#### What is needed:
Give the data again word for word; drop the pictures.

#### Collected material:
┌──

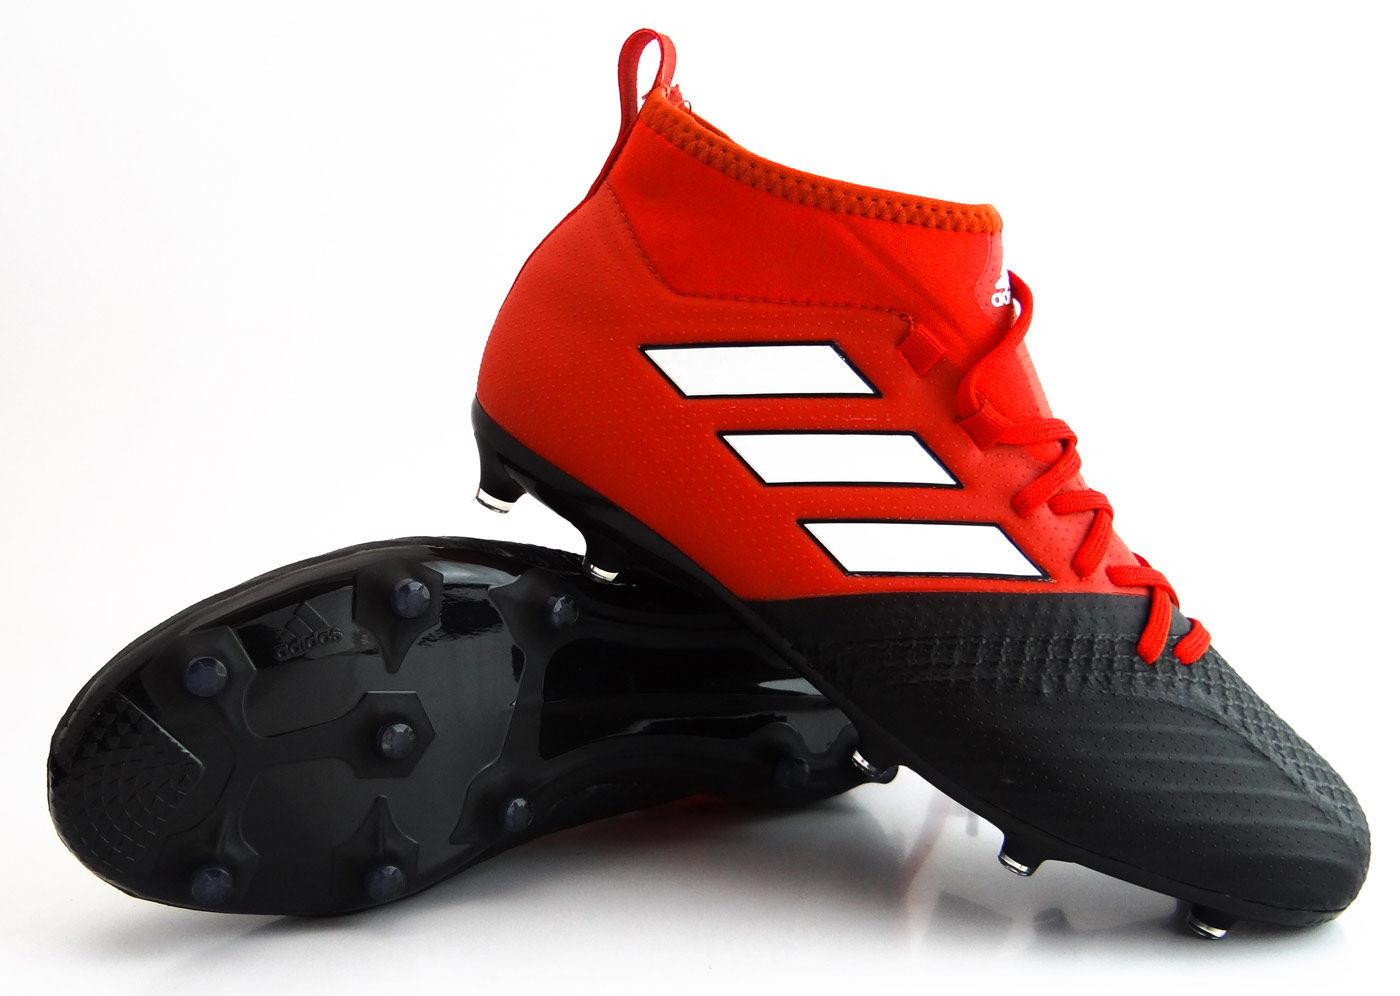 atrakcyjna cena produkty wysokiej jakości wielka wyprzedaż Buty Adidas ACE 17.1 FG BA9214 Korki - 37,5 - 7196765317 ...
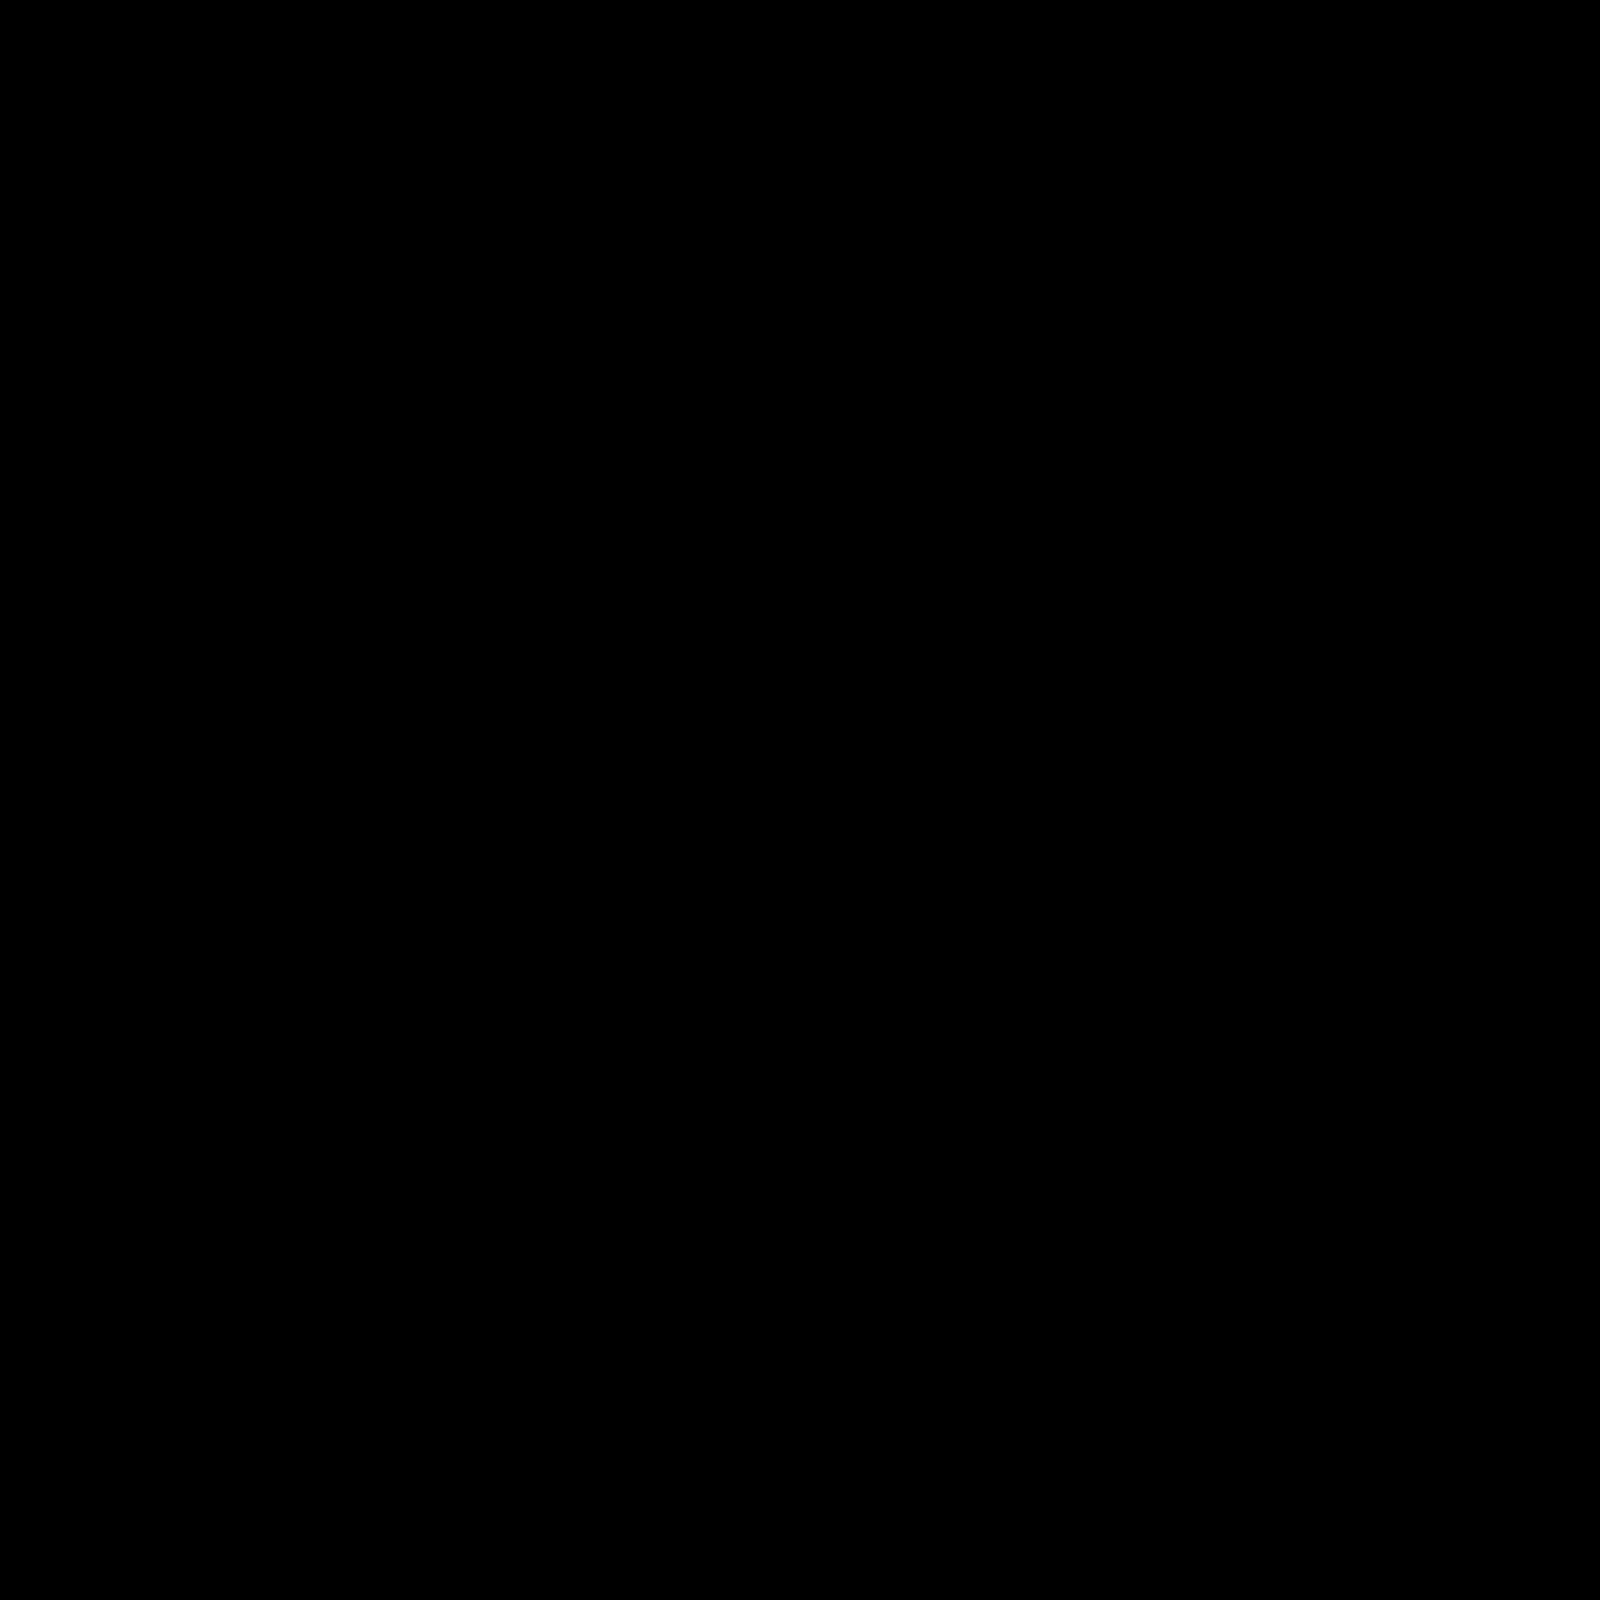 8x8 Vehicle icon
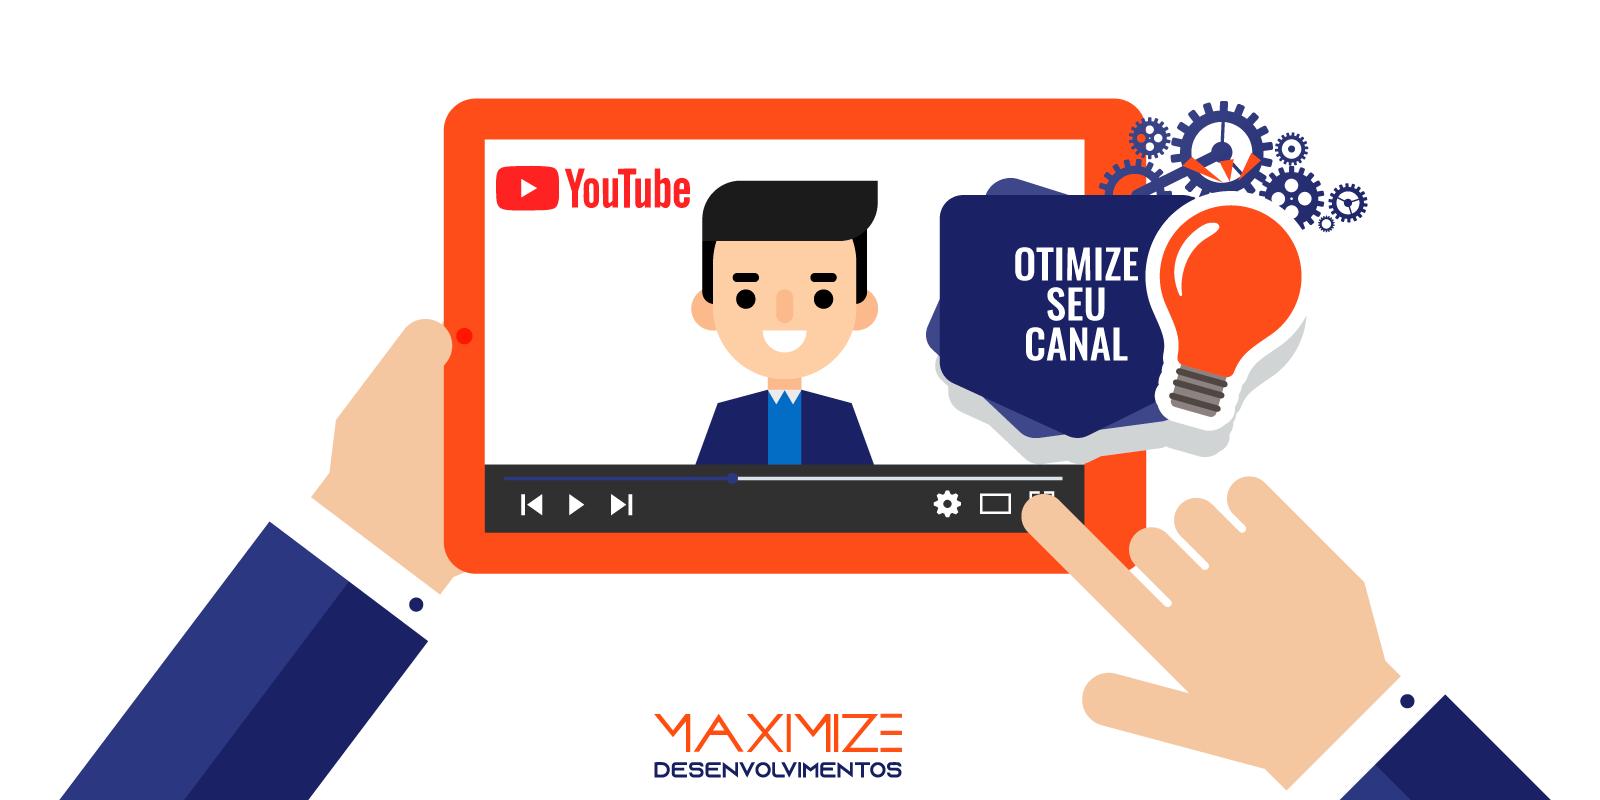 Otimizando seu canal: dicas práticas para você alavancar o seu canal

└──

#### Answer to this exercise:
 atrakcyjna cena produkty wysokiej jakości wielka wyprzedaż Buty Adidas ACE 17.1 FG BA9214 Korki - 37,5 - 7196765317 ...
 8x8 Vehicle icon
 Otimizando seu canal: dicas práticas para você alavancar o seu canal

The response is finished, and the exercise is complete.